Miss Kiet’s Children (Unrated) Poignant profile of Kiet Engels, a schoolteacher who has dedicated her career to helping recent refugees make the cultural adjustment to life in Holland. (In Dutch with subtitles)
November Criminals (PG-13 for profanity, mature themes, teen sexuality, drug use and brief violence) Adaptation of Sam Munson’s young adult novel about a couple of high school seniors (Ansel Elgort and Chloe Grace Moretz) who attempt to solve the senseless murder of a classmate (Jared Kemp). With Catherine Keener, David Strathairn and Cory Hardrict.

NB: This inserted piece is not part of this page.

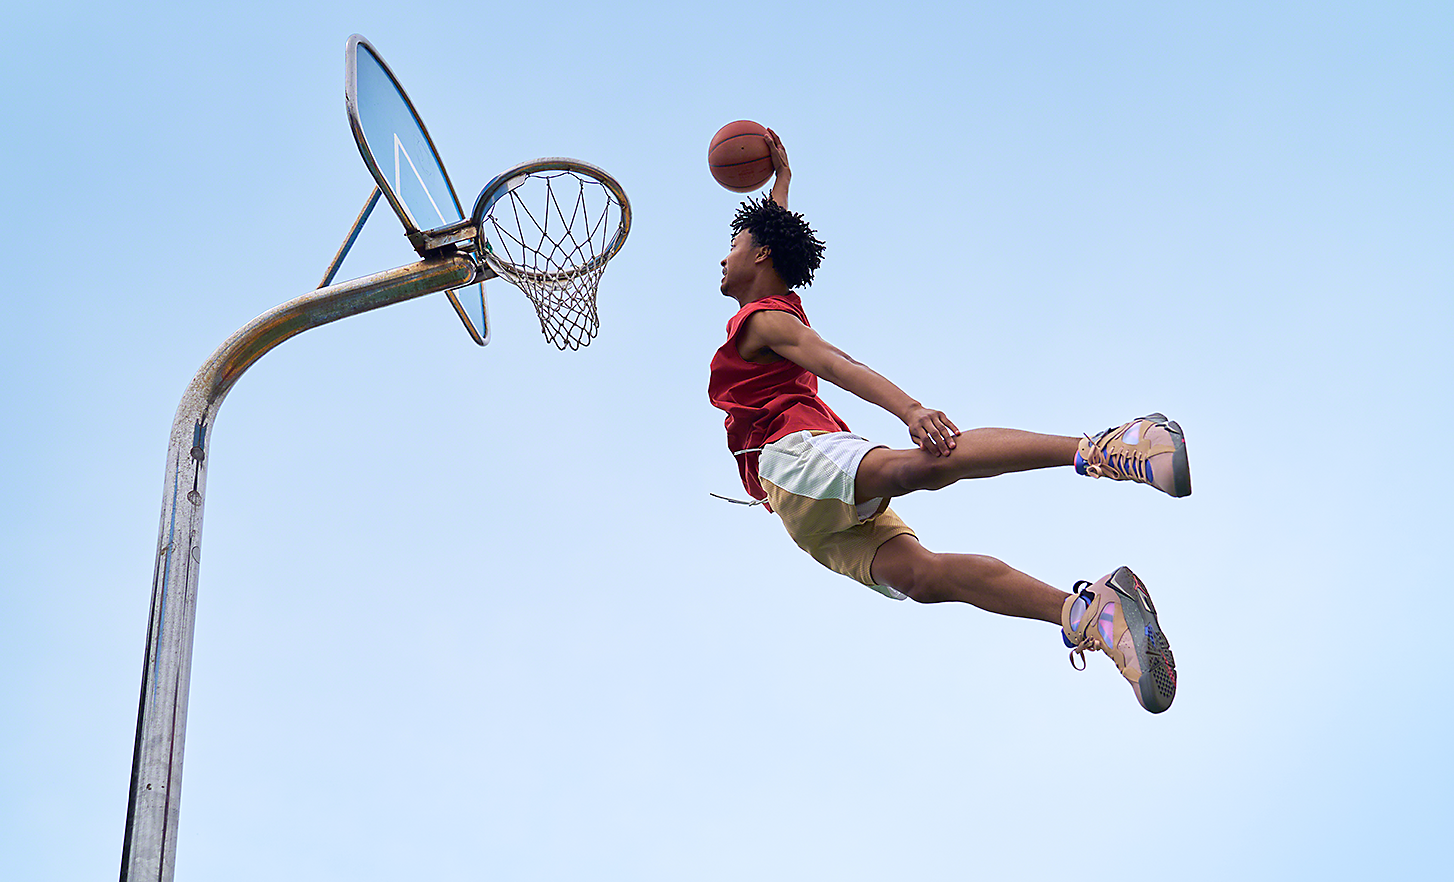 Cliché spectaculaire d'un basketteur en plein saut prêt à réaliser un slam dunk

The Pirates of Somalia (Unrated) Adaptation of journalist Jay Bahadur’s (Evan Peters) best-selling memoir of the same name recounting how, in 2008, he embedded himself with African hijackers holding Western ships for ransom. Support cast includes Melanie Griffith, Russell Posner and Barkhad “I’m the Captain Now!” Abdi. (In English and Somali with subtitles)
Quest (Unrated) Inspirational documentary shot over the course of a decade, chronicling an African-American family’s struggle to survive in a North Philly ghetto.
The Rape of Recy Taylor (Unrated) Civil rights documentary, set in 1944, recounting a black rape victim’s quest for justice in the Alabama courts with the help of the NAACP’s Rosa Parks (Cynthia Erivo). With Robert Corbitt, Tommy Bernardi and Alma Daniels.